Но еще важнее то, что Просвещение, во всяком случае важные его течения, никогда не стремилось универсализировать практику производства «автономным разумом» универсальных суждений. Такая практика мыслилась как удел способного и пригодного к ней меньшинства. Ограничение участия народа в политических делах и даже в их обсуждении, вытекающее из глубокого неверия в его способность к «рациональным суждениям» по «большим вопросам» общественной жизни, – характерная установка политической мысли Просвещения. Оградить просвещенную мудрость от иррационального своеволия народа – это важнейшая задача не только нравственного, но и политического «проекта Просвещения», причем даже в самом «демократическом» его американском проявлении. Как писал Джеймс Мэдисон, «даже мудрейшему правительству не приходится и думать о несбыточном благе – чтобы пристрастия общества были на его стороне» [457] . Что уж говорить о провинциально-германском запрете Кантом «умничать» по поводу «обязательств повиновения» и «наказаниях», которыми должна караться чрезмерная политическая любознательность [458] !

457

Федералист, № 49. Под ред. Н. Н. Яковлева. М.: Прогресс, 1993. С. 339. Даже, казалось бы, безупречный в плане его демократизма и приверженности рационализму Томас Джефферсон писал по сути о том же: «.Выбор самого народа обычно не отличается своей мудростью». Jefferson, T., «A Letter to Edmund Pendleton, August 26, 1776», in Political Writings, ed. J. Appleby and T. Ball. Cambridge: Cambridge University Press, 1999. P. 336.

458

См. Кант И. Метафизика нравов в двух частях / Кант И. Соч.: В 6 т. М.: Мысль, 1965. Т. 4, ч. 2. С. 240–241.

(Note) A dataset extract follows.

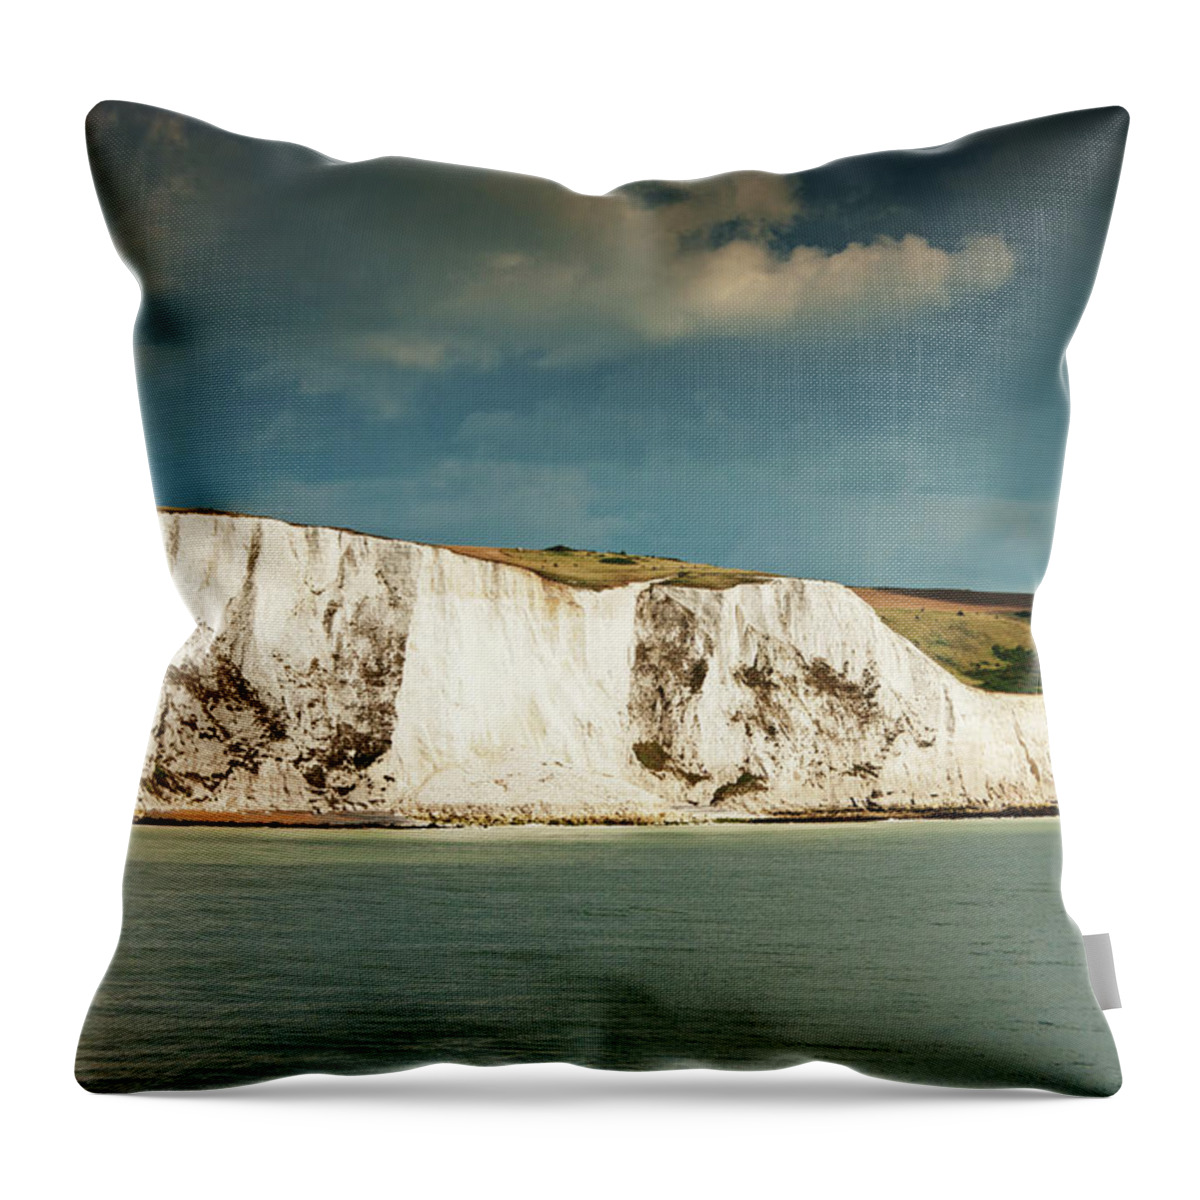 Scenics Throw Pillow featuring the photograph White Cliffs Of Dover by Alphotographic

Вот и вся универсальность! Максимы поступков в важнейших для человека сферах его публичной жизни задаются слепым повиновением, и к ним никакой «автономный разум» не смеет – под страхом наказания – даже прикасаться. Универсальность таким образом понятой «рациональной морали» нужно понимать конкретно. Она означает лишь то, что предписания морали предназначены для всех, что есть лишь калька с ордонансов абсолютистского государства, но вовсе не то, что они распространяются на все и менее всего – на сферы публичной жизни. Универсальность не означает и то, что эти предписания, во всяком случае – в их применении к определенным предметам, являются продуктами «автономного мышления» каждого человека и всех людей. «Рациональная мораль» – достояние немногих «просвещенных», мысливших себя законодателями человечества. Не преувеличили ли в свете сказанного Макинтайр и Грей политическое значение «независимого рационального обоснования морали» для трансформации мира по «либерально-просвещенческому проекту»? Возможно, это «обоснование» было столь политически невинным и иррелевантным делом, что практическое воплощение данного «проекта» прекрасно обходилось без опоры на «рациональное обоснование морали» и может успешно осуществляться и далее, даже если эта мораль (поверим нашим авторам) находится в глубоком кризисе.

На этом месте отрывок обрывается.